Stored data:
- Opening Delimiter -

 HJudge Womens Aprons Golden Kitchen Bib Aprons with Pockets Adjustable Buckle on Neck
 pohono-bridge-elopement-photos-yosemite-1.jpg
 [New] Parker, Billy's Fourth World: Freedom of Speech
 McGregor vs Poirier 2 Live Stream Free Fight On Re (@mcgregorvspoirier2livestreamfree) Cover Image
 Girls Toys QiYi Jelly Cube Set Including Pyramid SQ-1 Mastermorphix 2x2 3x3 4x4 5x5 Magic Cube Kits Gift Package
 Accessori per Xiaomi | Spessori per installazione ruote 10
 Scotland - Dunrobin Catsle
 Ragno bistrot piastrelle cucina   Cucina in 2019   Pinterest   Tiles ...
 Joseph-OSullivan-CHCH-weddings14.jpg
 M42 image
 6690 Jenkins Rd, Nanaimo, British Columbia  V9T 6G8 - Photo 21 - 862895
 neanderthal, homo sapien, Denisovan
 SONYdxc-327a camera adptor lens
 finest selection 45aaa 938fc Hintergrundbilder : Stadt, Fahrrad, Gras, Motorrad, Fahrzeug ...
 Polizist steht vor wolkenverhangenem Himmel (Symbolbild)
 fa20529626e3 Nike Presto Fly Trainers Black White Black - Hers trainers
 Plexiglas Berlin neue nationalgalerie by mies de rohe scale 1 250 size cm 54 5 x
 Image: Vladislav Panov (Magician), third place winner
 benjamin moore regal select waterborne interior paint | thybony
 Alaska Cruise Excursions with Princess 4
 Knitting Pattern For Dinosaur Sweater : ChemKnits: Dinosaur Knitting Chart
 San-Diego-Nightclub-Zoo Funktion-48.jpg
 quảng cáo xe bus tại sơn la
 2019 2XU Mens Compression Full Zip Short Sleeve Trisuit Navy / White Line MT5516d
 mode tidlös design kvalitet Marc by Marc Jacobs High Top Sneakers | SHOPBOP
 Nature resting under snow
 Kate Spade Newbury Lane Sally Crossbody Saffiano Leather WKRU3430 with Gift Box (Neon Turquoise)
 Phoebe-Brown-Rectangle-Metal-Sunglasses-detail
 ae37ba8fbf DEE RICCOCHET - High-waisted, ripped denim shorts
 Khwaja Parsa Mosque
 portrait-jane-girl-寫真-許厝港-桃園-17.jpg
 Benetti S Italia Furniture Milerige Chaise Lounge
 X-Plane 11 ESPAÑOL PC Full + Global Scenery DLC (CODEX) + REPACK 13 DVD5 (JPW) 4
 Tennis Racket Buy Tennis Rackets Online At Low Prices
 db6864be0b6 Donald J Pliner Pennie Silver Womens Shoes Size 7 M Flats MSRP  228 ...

- Closing Delimiter -

WORK TASK
Only the line containing "X-Plane 11 ESPAÑOL" and the lines after it, through the end of the data, should be copied, exactly as they are.

WRITTEN ANSWER
 X-Plane 11 ESPAÑOL PC Full + Global Scenery DLC (CODEX) + REPACK 13 DVD5 (JPW) 4
 Tennis Racket Buy Tennis Rackets Online At Low Prices
 db6864be0b6 Donald J Pliner Pennie Silver Womens Shoes Size 7 M Flats MSRP  228 ...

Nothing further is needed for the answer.